FAMILIES fighting to save seven residential homes have issued an 11th-hour plea for opposition councillors to try to block the closure.

Last week, cash-strapped Durham County Council’s Labour-controlled cabinet agreed to close the homes, which accommodate more than 100 elderly people, provoking fury from the residents, their relatives and care staff.

The cuts are expected to be rubber-stamped at a full council meeting at County Hall, Durham, this morning.

However, campaigners have called on opposition councillors to interrupt the meeting, to force it to be adjourned or postponed.

David Dutch, whose 93- year-old mother, Margaret, lives in Shafto House, Newton Aycliffe, one of the homes under threat, said: “I will not rest until they forcibly remove my 93-year-old blind and disabled mother from the place she calls home.

“She is so frail now I shudder to think what will happen if she is moved.

“Yes we live in austere times, yes there is a need to make savings, but closures and redundancies will contribute nothing to the budget, so why do it?”

The other homes closing are Manor House, in Annfield Plain; Glendale House, in Blackhall; Lynwood House, in Lanchester; Hackworth House, in Shildon; Stanfield House, in Stanley; and East Green, in West Auckland.

The county council faces having to find £100m worth of savings over the next four years and council leader Simon Henig says a £35m bill to save the homes is disproportionate and unaffordable without decimating other services.

The 126-seat council’s ruling Labour group, which has 67 members, backed the closures by 33 votes to ten, in a behind-closed-doors meeting earlier this month.

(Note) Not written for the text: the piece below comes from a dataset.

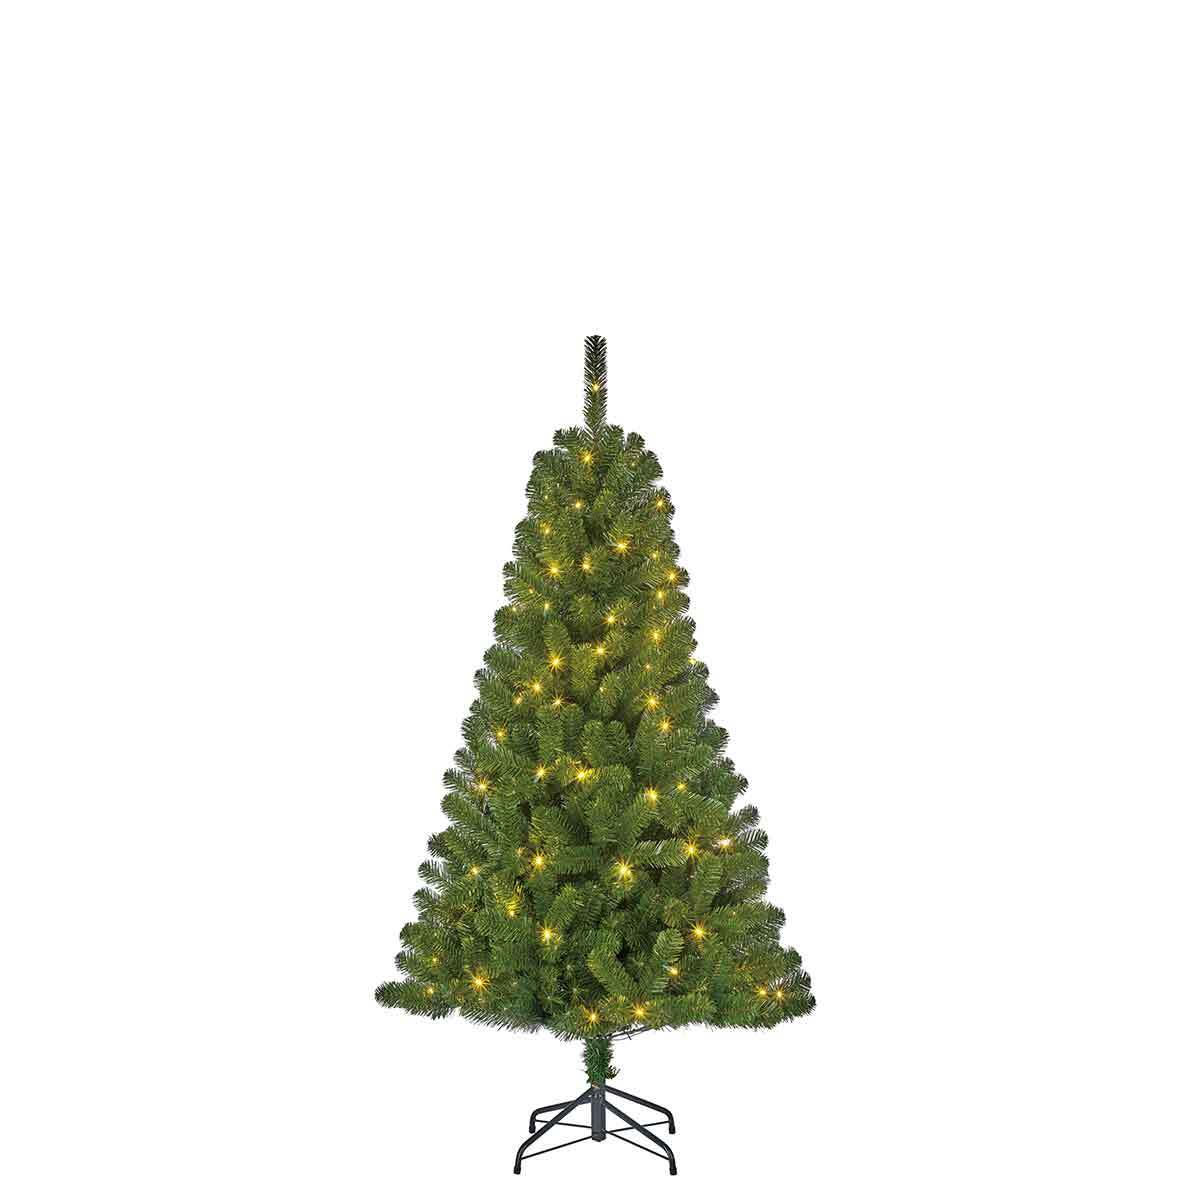 Blackbox Charlton kerstboom met 100 warmwitte led lampjes maat in cm: 155 x 91
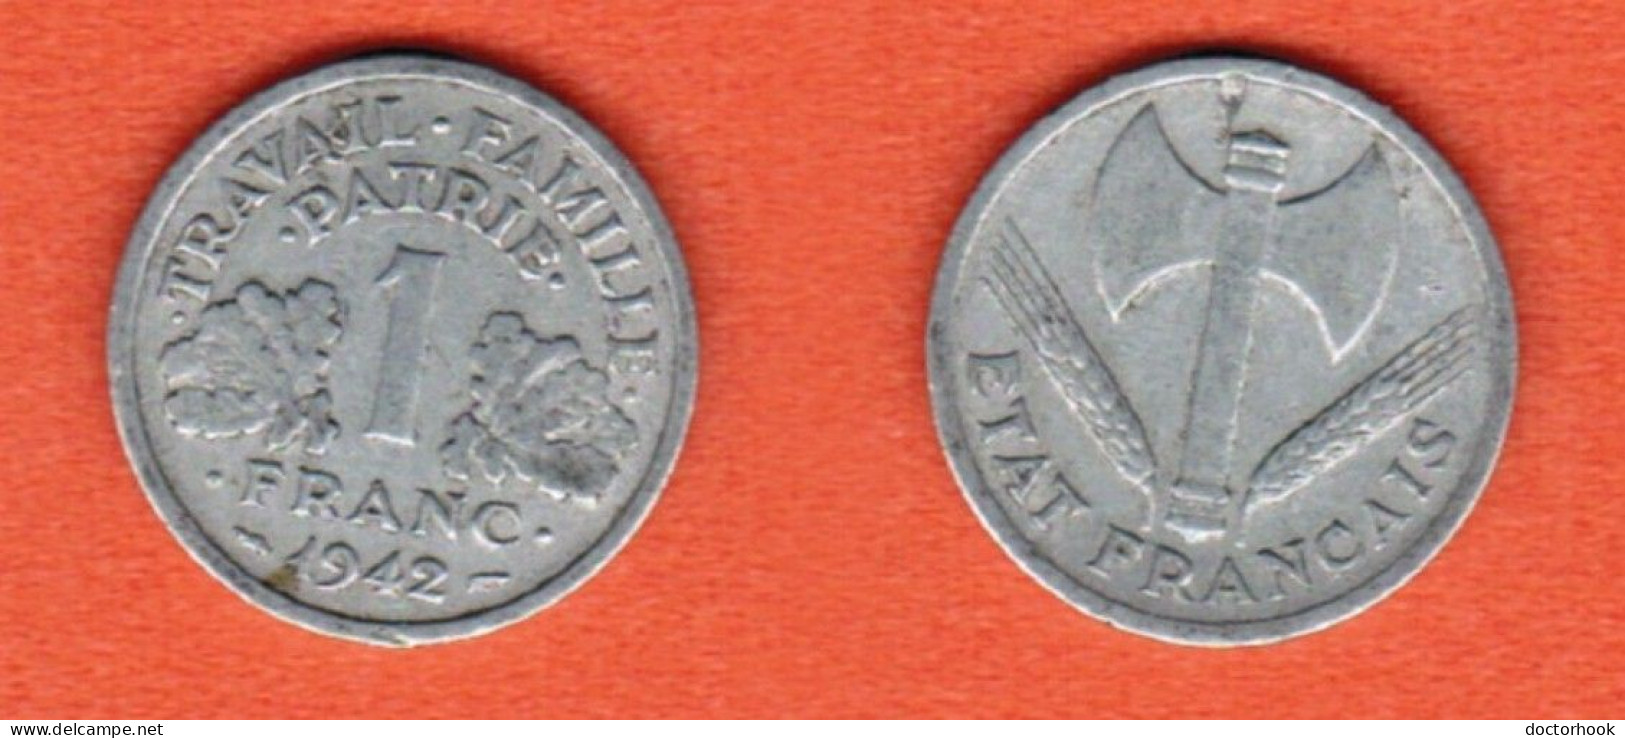 FRANCE   1 FRANC 1942 (KM # 902.1) #7228 - 1 Franc

Then the authority’s tenmember Labour cabinet, the final decision-making group on the issue, also backed the closures unanimously, last Wednesday.

Opposition groups are understood to be considering how best to fight the cuts.

Families and care home staff will also be protesting outside County Hall before today’s meeting, which starts at 10am.

No dates for the closures have been announced.

Council chiefs say the needs, comfort and safety of residents will be their prime concern and great care will be taken to minimise and manage any disruption.